The Chinese language yuan can be weakening towards the U.S. greenback, which is at present pretty low cost at 7.06 RMB towards USD, because it has damaged via the 7:1 stage. All these indicators lead us to imagine that the Chinese language economic system and client are usually not experiencing a “reopening increase,” and are in worse form than anticipated.
The Backside Line
XPeng is working in a particularly tough atmosphere, with Tesla waging a worth warfare towards BYD, with each producers considerably slicing costs and seeing decrease margins in consequence. We expect one of many first casualties of this worth warfare shall be XPeng, with considerably weaker demand and an incapability to scale additional except it comes on the expense of gross margins.

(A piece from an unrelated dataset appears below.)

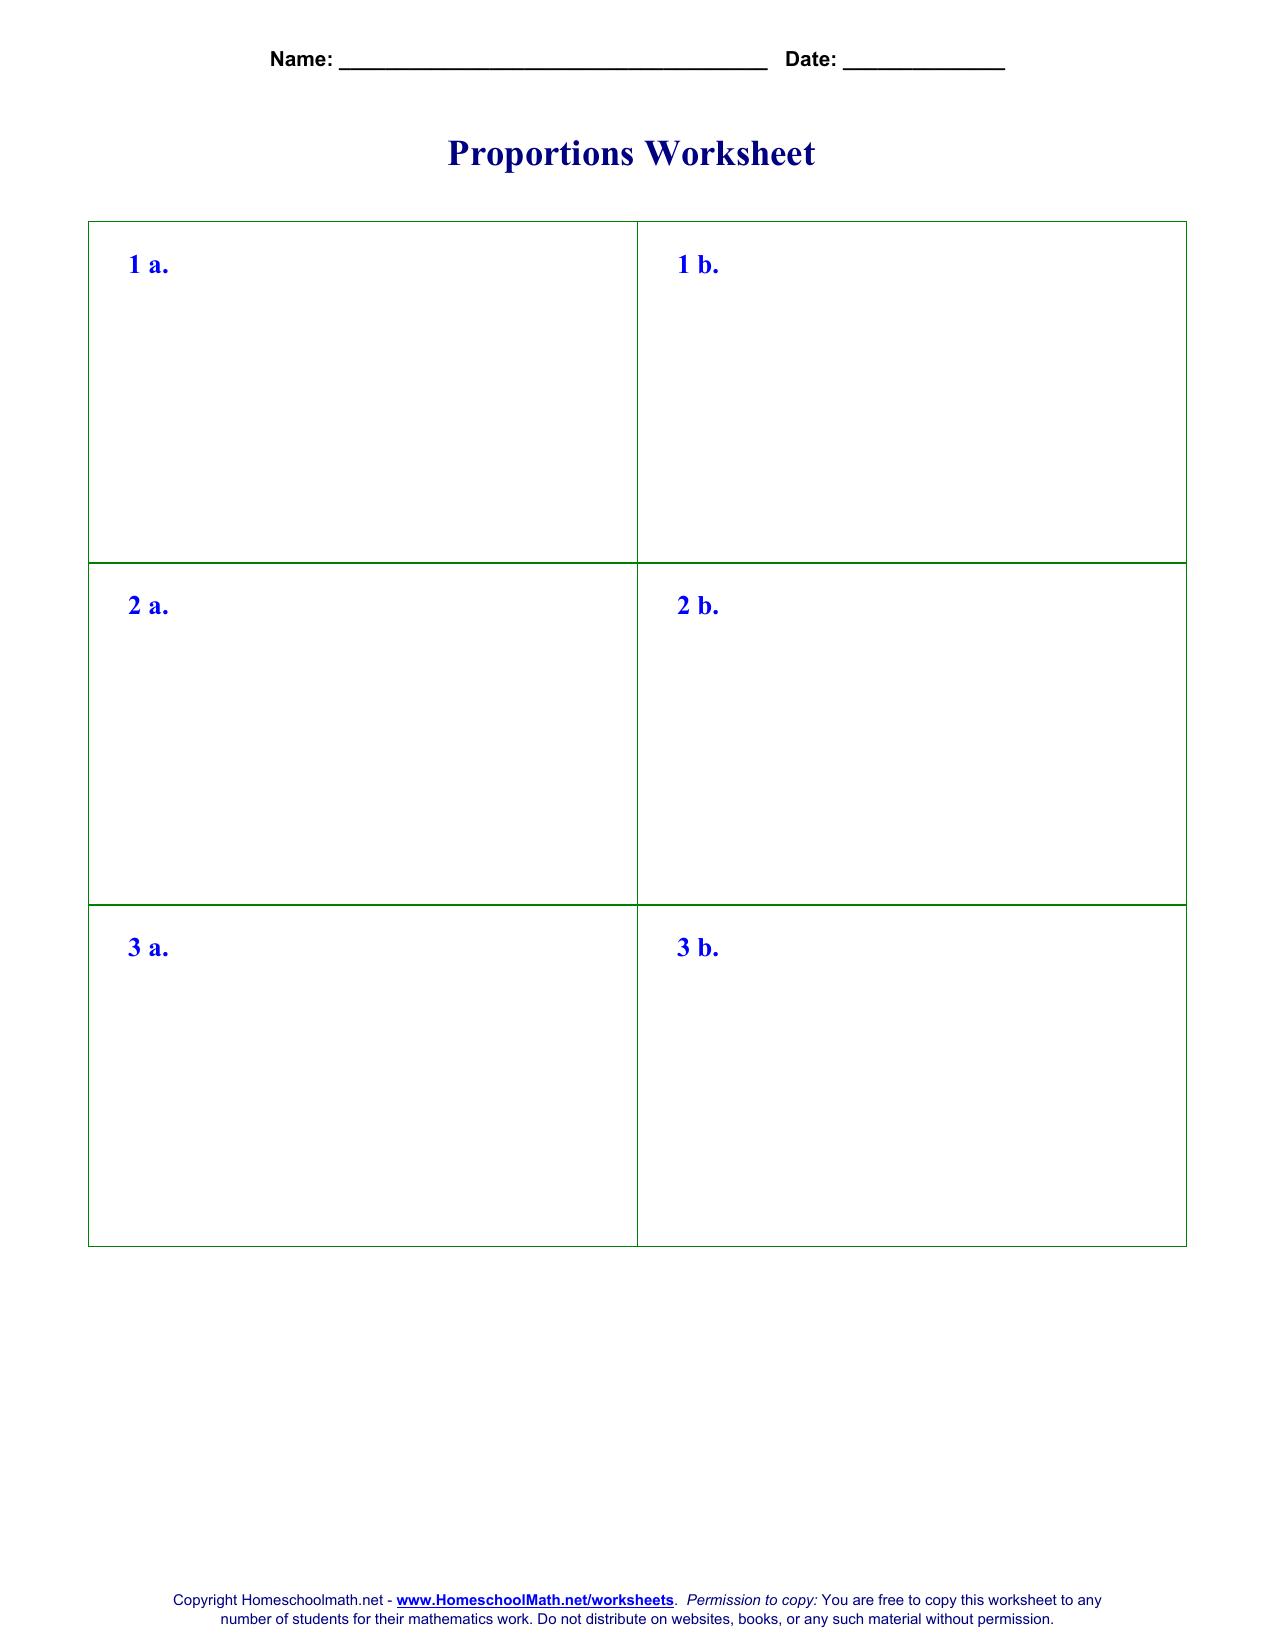 Proportions Worksheet 1

For us, it’s at present unclear how XPeng can get to flee velocity and scale up its manufacturing, whereas competing with BYD and Tesla, which arguably have a a lot better worth proposition for the time being, resulting from their measurement and the size of time they’ve been lively within the EV sector. On high of all these headwinds, it doesn’t seem that the Chinese language macroeconomy will enhance anytime quickly. On a relative valuation foundation and tangible e-book worth, we expect XPeng’s honest worth is nearer to $6 per share. Nevertheless, we imagine there are different nice equities, similar to Alibaba, Pinduoduo and JD.com, which can be buying and selling at dirt-cheap valuations and in addition provide publicity to the Chinese language client and innovation.
We’d look ahead to additional indicators, similar to enhancing margins or stronger demand which will point out additional enchancment in profitability, as XPeng at present stays too speculative, shedding greater than $376 million per quarter, as of Q1.